→ TASK TO COMPLETE
Line by line, return the listing exactly, without any of the images.
───── DATASET CONTENT
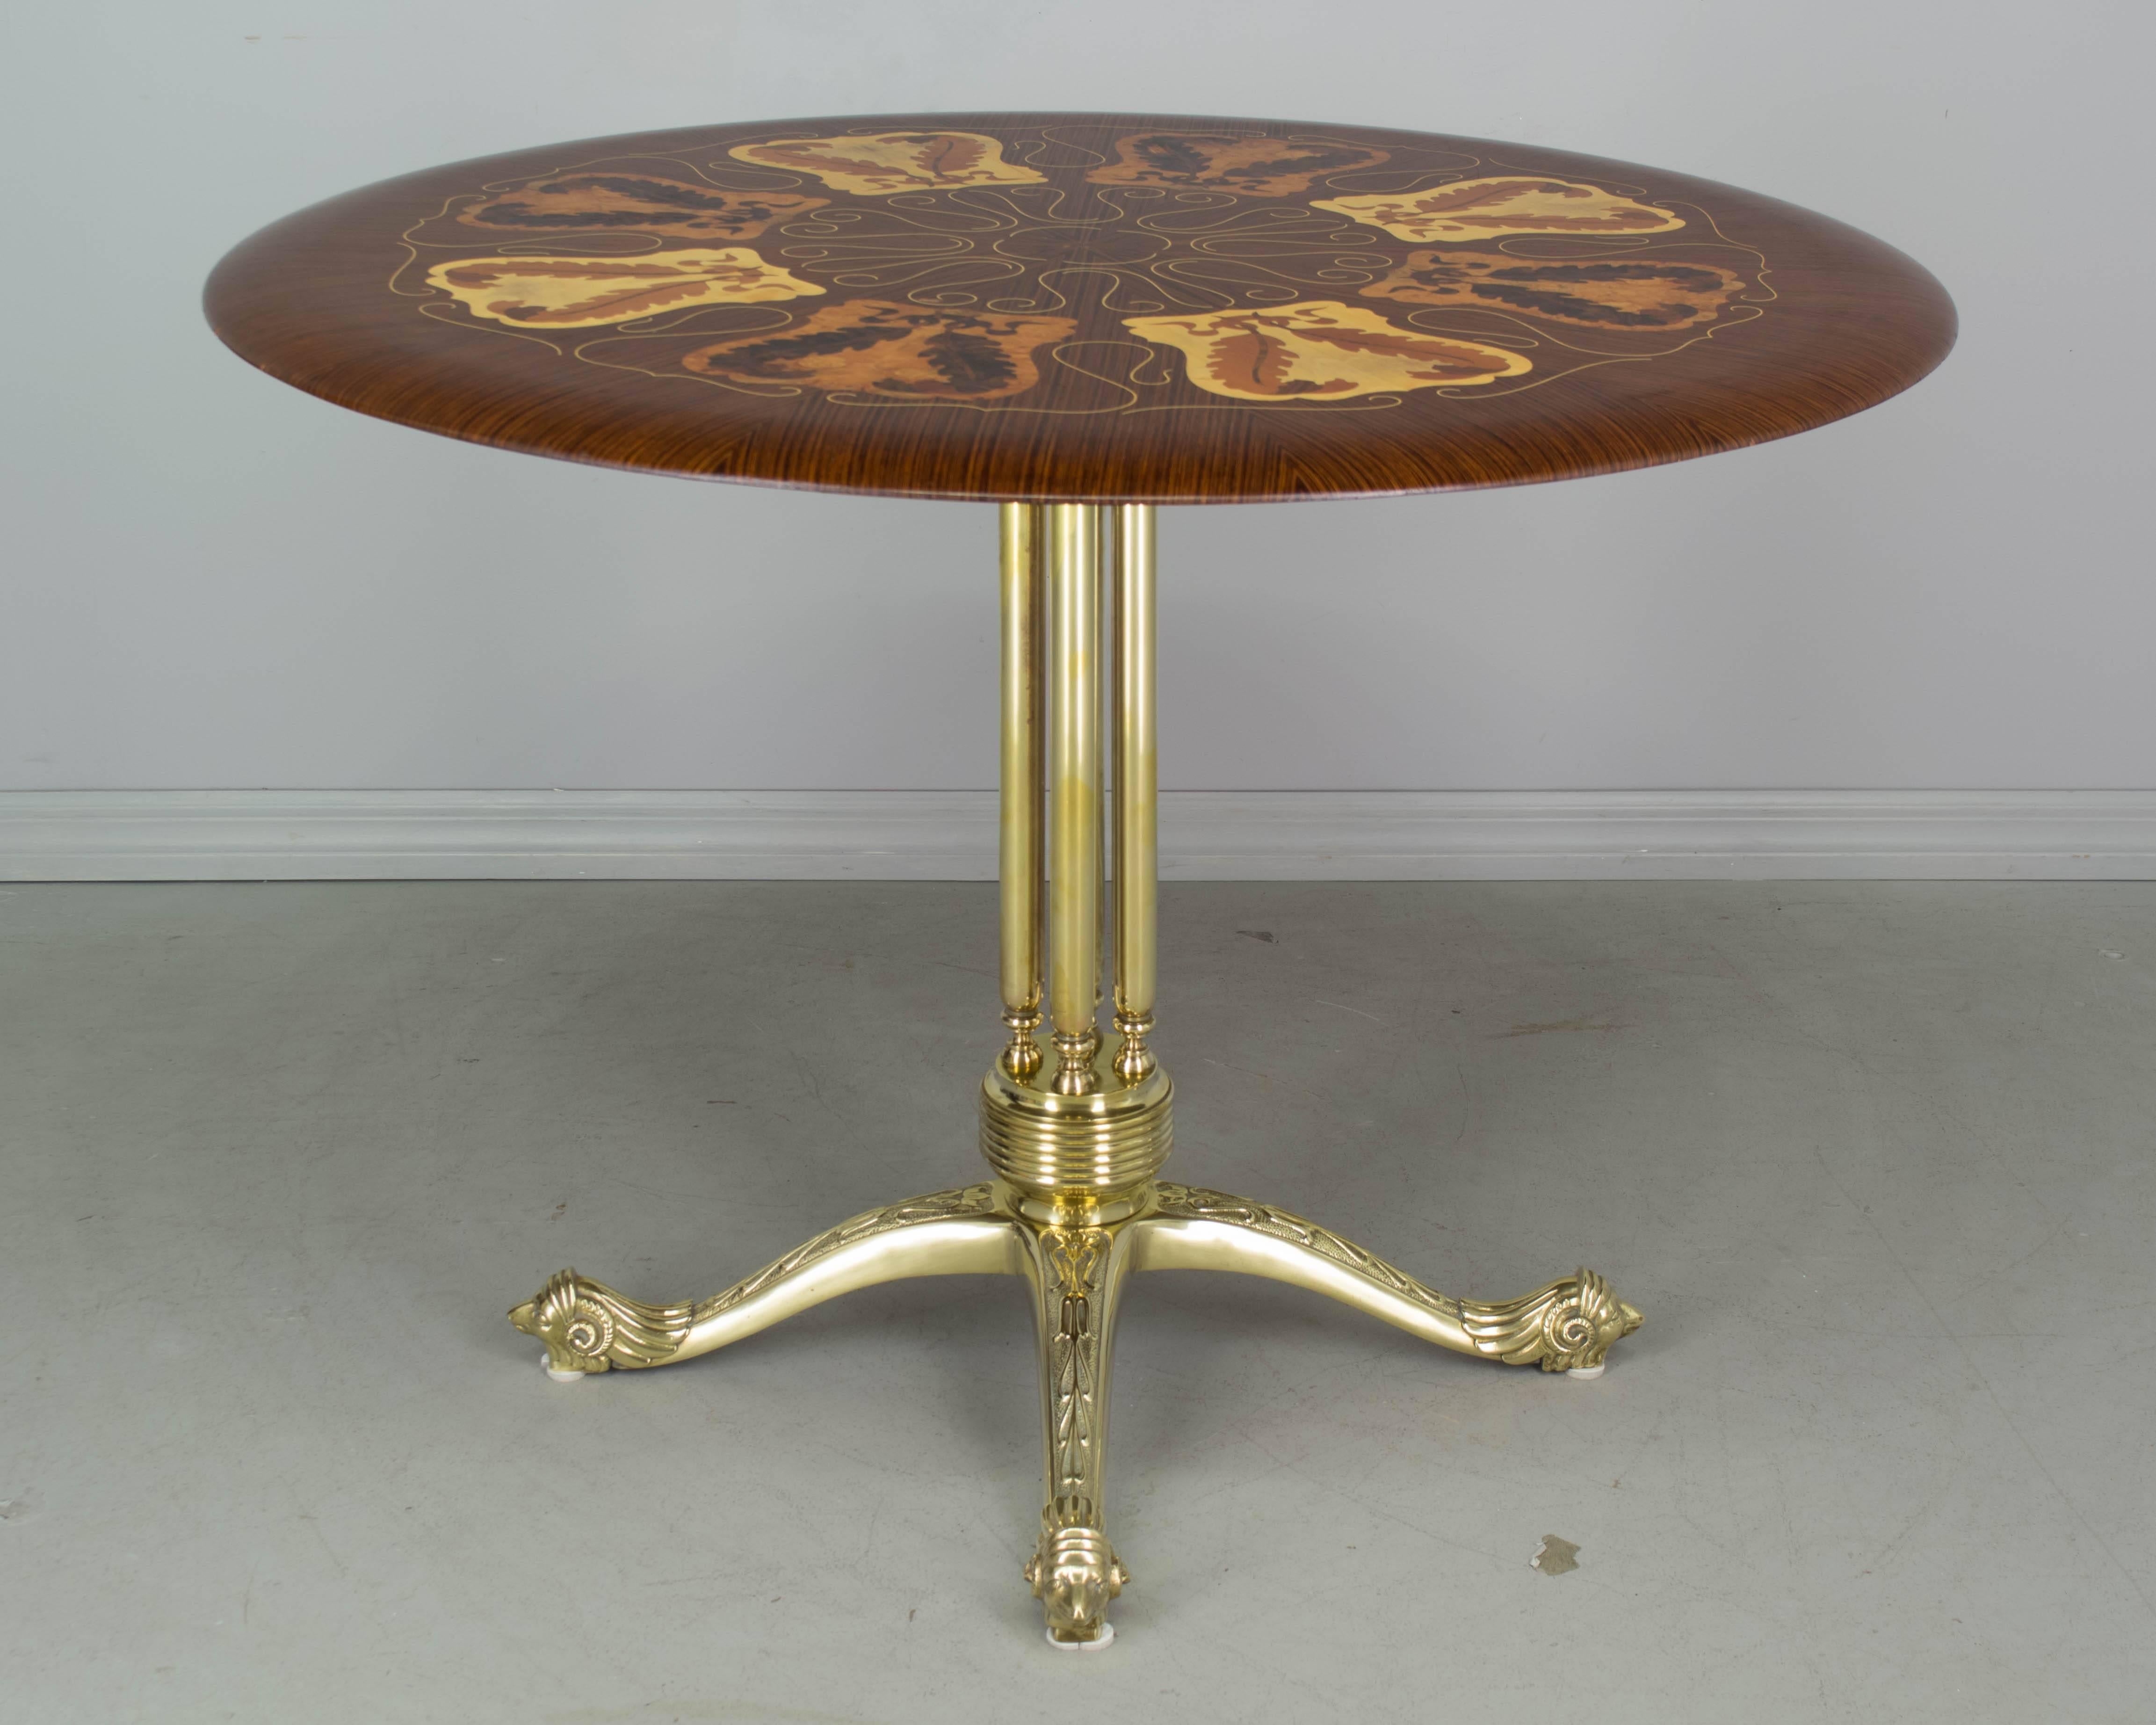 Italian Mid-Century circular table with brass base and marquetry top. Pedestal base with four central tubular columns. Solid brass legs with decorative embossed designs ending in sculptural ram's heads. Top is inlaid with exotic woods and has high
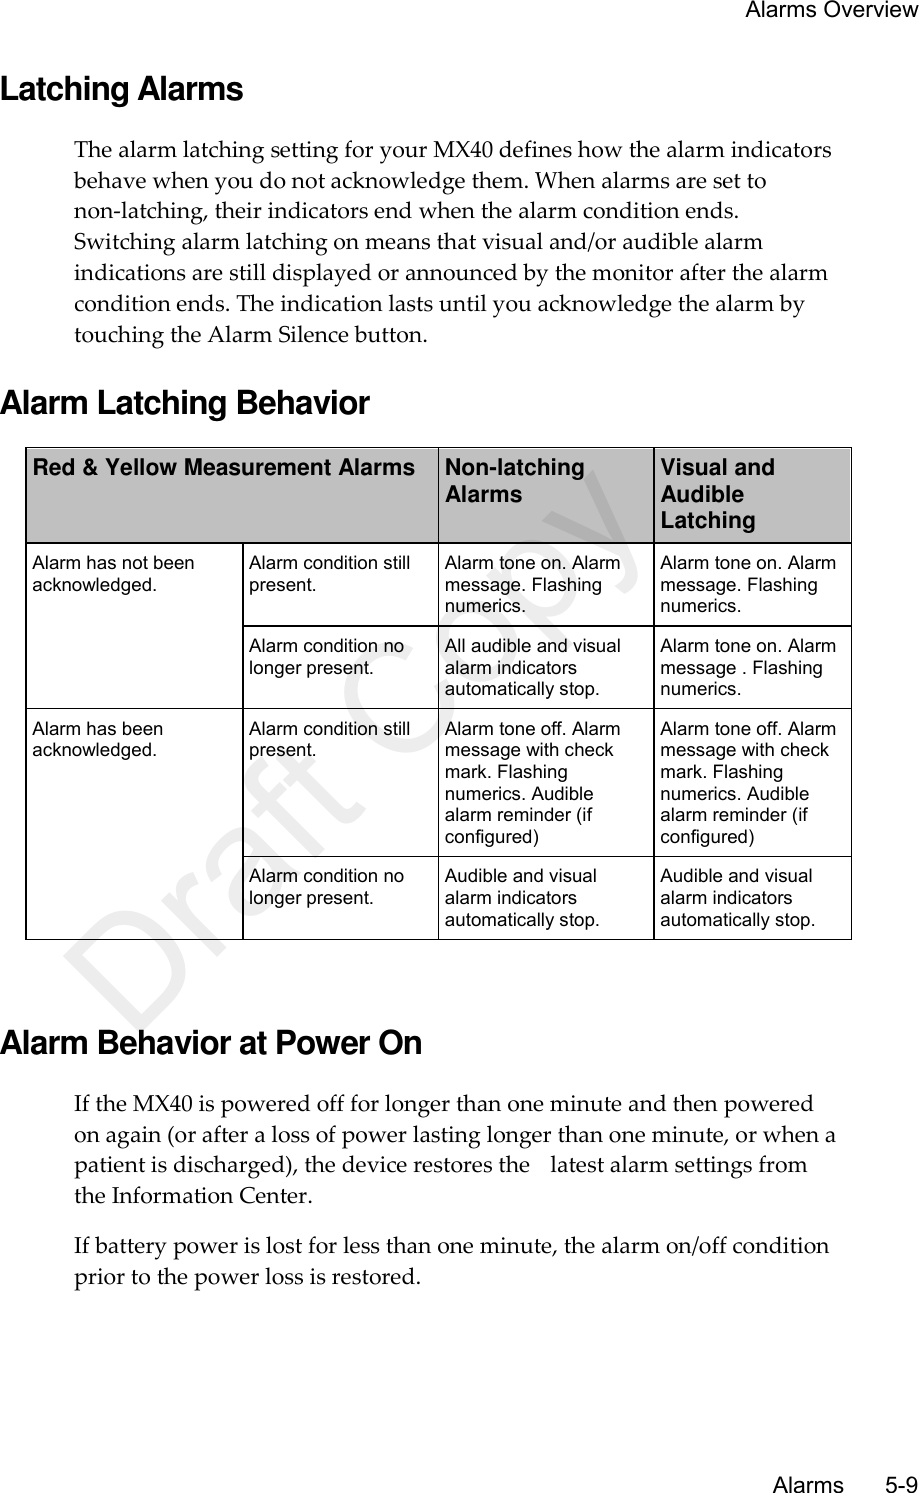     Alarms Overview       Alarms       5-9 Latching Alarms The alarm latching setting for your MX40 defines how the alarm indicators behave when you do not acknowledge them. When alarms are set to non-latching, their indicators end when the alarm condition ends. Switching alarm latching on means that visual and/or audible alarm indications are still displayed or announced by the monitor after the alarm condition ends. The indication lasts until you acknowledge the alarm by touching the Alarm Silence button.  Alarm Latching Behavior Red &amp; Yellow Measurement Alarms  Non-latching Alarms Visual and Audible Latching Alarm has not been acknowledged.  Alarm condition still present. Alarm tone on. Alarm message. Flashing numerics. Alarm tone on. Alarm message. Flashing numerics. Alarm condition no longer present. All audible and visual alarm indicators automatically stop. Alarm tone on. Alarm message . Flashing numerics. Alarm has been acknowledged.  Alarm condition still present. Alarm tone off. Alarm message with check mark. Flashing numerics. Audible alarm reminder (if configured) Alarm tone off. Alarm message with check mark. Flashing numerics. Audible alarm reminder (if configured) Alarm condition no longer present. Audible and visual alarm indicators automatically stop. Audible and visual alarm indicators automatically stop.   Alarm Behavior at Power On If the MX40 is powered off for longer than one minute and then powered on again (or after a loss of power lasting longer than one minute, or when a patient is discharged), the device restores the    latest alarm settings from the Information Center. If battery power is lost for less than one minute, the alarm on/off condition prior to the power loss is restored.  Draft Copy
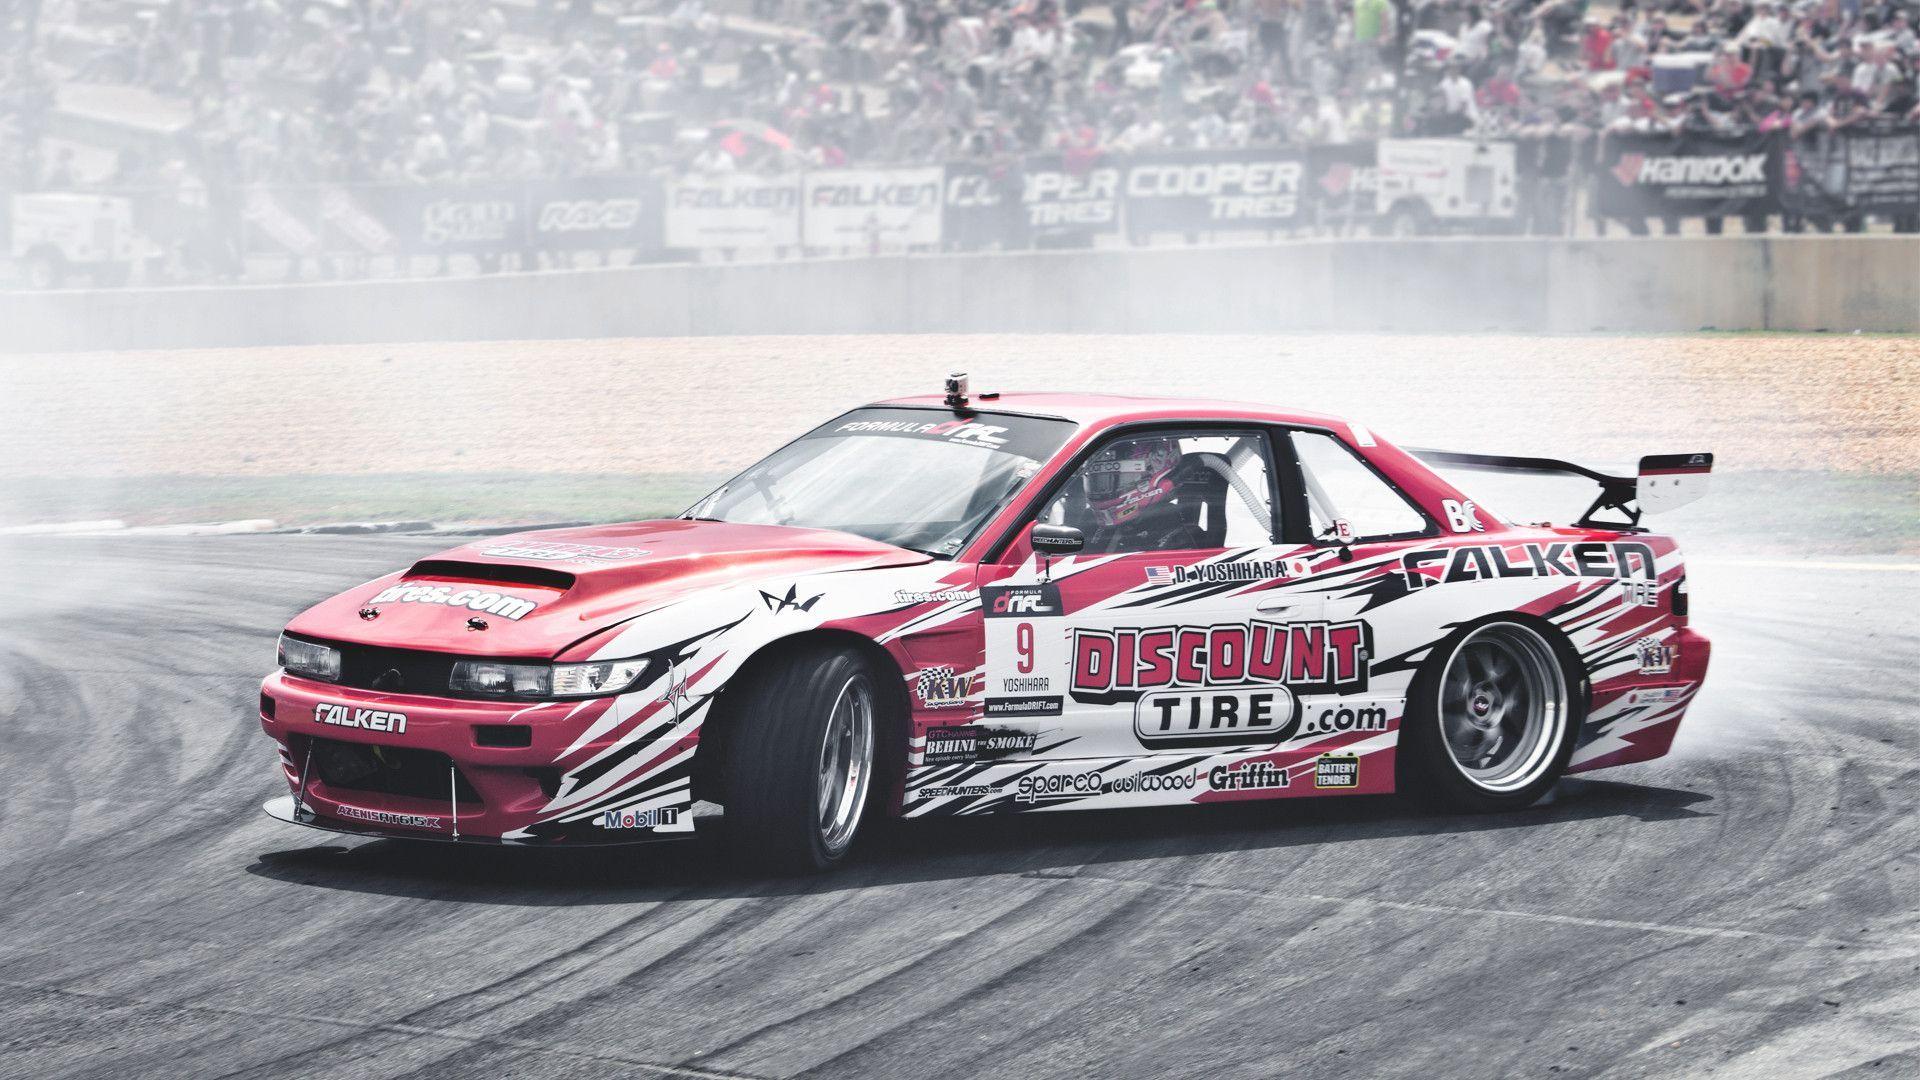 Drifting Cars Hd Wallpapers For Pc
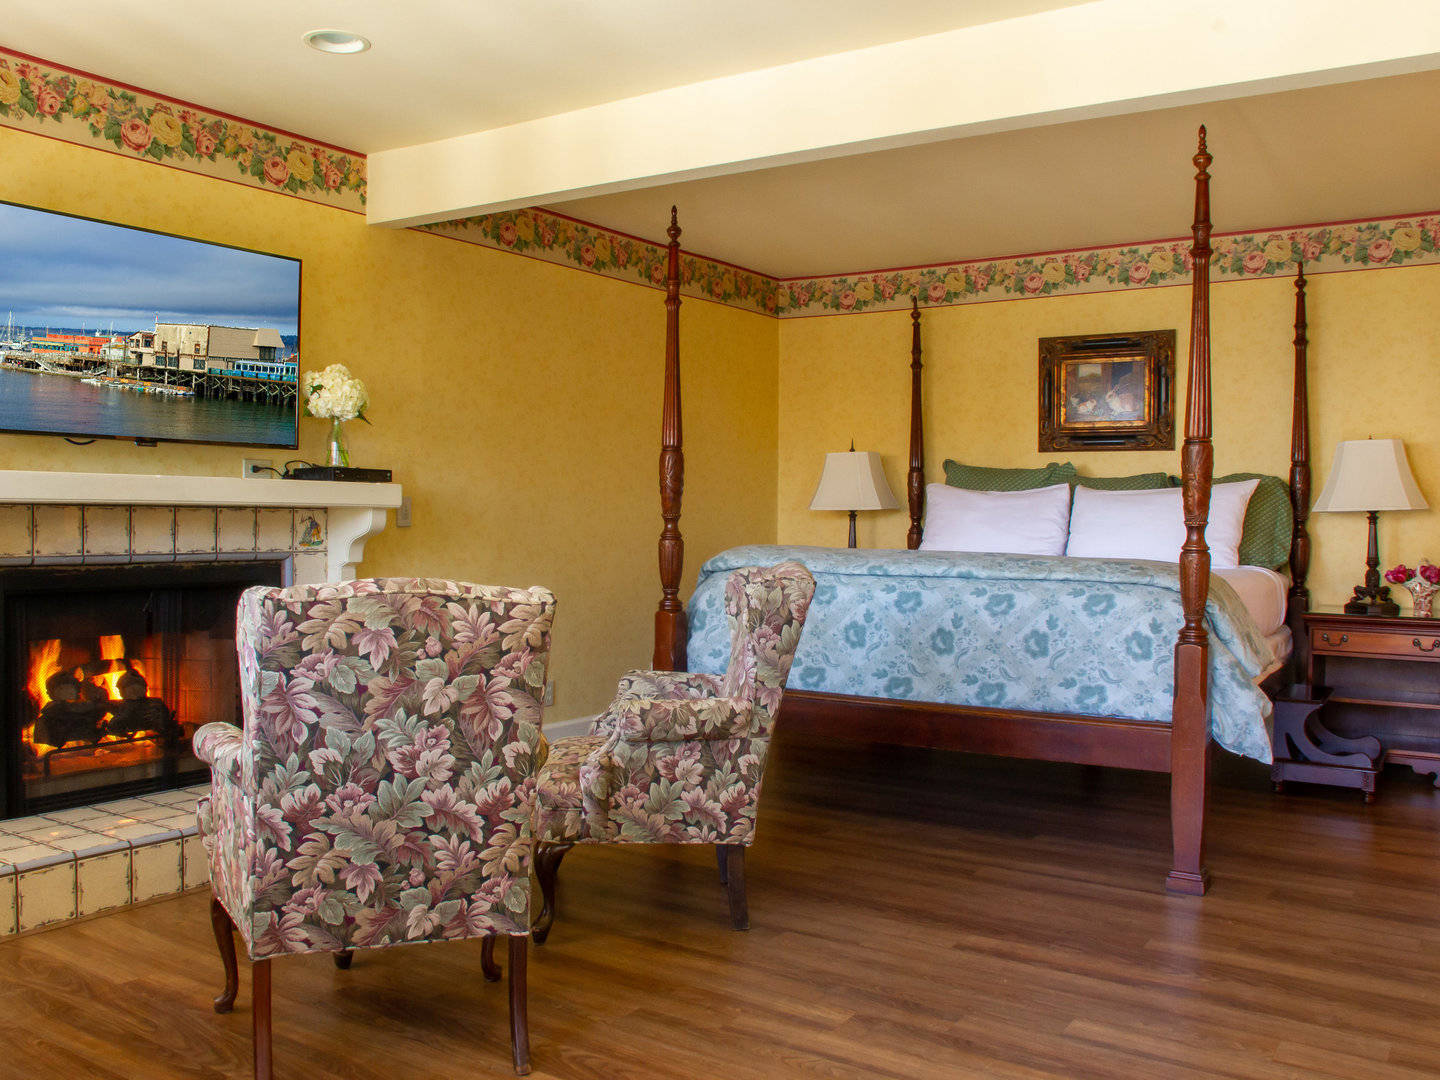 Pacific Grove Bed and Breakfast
──────────
→ ANSWER FOR THIS EXERCISE
 Italian Mid-Century circular table with brass base and marquetry top. Pedestal base with four central tubular columns. Solid brass legs with decorative embossed designs ending in sculptural ram's heads. Top is inlaid with exotic woods and has high
     Alarms Overview       Alarms       5-9 Latching Alarms The alarm latching setting for your MX40 defines how the alarm indicators behave when you do not acknowledge them. When alarms are set to non-latching, their indicators end when the alarm condition ends. Switching alarm latching on means that visual and/or audible alarm indications are still displayed or announced by the monitor after the alarm condition ends. The indication lasts until you acknowledge the alarm by touching the Alarm Silence button.  Alarm Latching Behavior Red &amp; Yellow Measurement Alarms  Non-latching Alarms Visual and Audible Latching Alarm has not been acknowledged.  Alarm condition still present. Alarm tone on. Alarm message. Flashing numerics. Alarm tone on. Alarm message. Flashing numerics. Alarm condition no longer present. All audible and visual alarm indicators automatically stop. Alarm tone on. Alarm message . Flashing numerics. Alarm has been acknowledged.  Alarm condition still present. Alarm tone off. Alarm message with check mark. Flashing numerics. Audible alarm reminder (if configured) Alarm tone off. Alarm message with check mark. Flashing numerics. Audible alarm reminder (if configured) Alarm condition no longer present. Audible and visual alarm indicators automatically stop. Audible and visual alarm indicators automatically stop.   Alarm Behavior at Power On If the MX40 is powered off for longer than one minute and then powered on again (or after a loss of power lasting longer than one minute, or when a patient is discharged), the device restores the    latest alarm settings from the Information Center. If battery power is lost for less than one minute, the alarm on/off condition prior to the power loss is restored.  Draft Copy
 Drifting Cars Hd Wallpapers For Pc
 Pacific Grove Bed and Breakfast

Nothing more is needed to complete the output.